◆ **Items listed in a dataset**
------------------------

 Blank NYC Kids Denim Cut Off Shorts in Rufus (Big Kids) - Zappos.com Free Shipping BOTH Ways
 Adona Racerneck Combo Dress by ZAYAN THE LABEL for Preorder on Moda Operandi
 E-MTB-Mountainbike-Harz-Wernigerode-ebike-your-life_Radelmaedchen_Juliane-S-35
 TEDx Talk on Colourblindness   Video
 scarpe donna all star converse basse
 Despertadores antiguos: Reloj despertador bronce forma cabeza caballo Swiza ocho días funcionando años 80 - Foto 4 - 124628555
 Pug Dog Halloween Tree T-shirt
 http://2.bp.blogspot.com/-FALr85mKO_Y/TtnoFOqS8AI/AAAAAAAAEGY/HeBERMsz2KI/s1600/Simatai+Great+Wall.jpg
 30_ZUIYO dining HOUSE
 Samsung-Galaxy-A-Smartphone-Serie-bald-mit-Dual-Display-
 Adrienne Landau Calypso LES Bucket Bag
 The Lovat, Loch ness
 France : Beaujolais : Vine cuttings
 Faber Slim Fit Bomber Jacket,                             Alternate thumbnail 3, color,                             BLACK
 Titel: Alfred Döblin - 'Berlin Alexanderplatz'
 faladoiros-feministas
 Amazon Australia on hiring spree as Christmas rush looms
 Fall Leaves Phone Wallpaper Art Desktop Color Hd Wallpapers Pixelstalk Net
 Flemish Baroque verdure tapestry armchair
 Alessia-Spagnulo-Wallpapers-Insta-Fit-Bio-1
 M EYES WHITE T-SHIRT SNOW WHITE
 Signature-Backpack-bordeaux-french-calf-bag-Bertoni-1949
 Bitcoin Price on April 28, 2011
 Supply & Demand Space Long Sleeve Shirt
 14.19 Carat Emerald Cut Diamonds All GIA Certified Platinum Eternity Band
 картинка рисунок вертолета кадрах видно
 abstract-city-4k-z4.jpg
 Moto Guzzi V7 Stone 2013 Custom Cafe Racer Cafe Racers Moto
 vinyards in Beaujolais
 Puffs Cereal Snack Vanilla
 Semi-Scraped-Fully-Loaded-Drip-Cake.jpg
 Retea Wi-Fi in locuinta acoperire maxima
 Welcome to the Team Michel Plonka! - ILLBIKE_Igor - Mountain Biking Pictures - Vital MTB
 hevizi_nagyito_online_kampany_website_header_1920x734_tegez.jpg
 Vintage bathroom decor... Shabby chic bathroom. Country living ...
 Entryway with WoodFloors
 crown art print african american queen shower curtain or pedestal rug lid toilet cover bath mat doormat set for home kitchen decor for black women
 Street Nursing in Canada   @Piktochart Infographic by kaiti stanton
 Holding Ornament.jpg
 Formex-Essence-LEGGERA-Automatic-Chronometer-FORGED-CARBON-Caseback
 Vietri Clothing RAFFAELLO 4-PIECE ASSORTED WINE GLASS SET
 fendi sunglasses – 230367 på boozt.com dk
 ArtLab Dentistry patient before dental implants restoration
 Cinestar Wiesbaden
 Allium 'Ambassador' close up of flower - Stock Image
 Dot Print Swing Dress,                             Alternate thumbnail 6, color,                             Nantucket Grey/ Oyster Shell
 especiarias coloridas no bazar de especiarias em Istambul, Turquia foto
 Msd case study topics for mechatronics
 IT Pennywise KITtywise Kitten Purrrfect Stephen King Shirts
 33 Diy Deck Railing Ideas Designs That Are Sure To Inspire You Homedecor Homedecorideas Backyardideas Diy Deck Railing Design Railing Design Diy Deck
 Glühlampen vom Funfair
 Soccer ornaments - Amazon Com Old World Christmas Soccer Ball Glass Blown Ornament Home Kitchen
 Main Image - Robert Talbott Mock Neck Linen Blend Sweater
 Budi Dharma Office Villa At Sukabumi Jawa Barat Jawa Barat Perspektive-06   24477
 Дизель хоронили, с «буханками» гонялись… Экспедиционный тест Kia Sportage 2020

------------------------

◆ **Task to carry out**
Lines from the top of the data above through the line with "Pug Dog Halloween Tree T-shirt", both ends included: copy them exactly, nothing more.

◆ **Exercise response**
 Blank NYC Kids Denim Cut Off Shorts in Rufus (Big Kids) - Zappos.com Free Shipping BOTH Ways
 Adona Racerneck Combo Dress by ZAYAN THE LABEL for Preorder on Moda Operandi
 E-MTB-Mountainbike-Harz-Wernigerode-ebike-your-life_Radelmaedchen_Juliane-S-35
 TEDx Talk on Colourblindness   Video
 scarpe donna all star converse basse
 Despertadores antiguos: Reloj despertador bronce forma cabeza caballo Swiza ocho días funcionando años 80 - Foto 4 - 124628555
 Pug Dog Halloween Tree T-shirt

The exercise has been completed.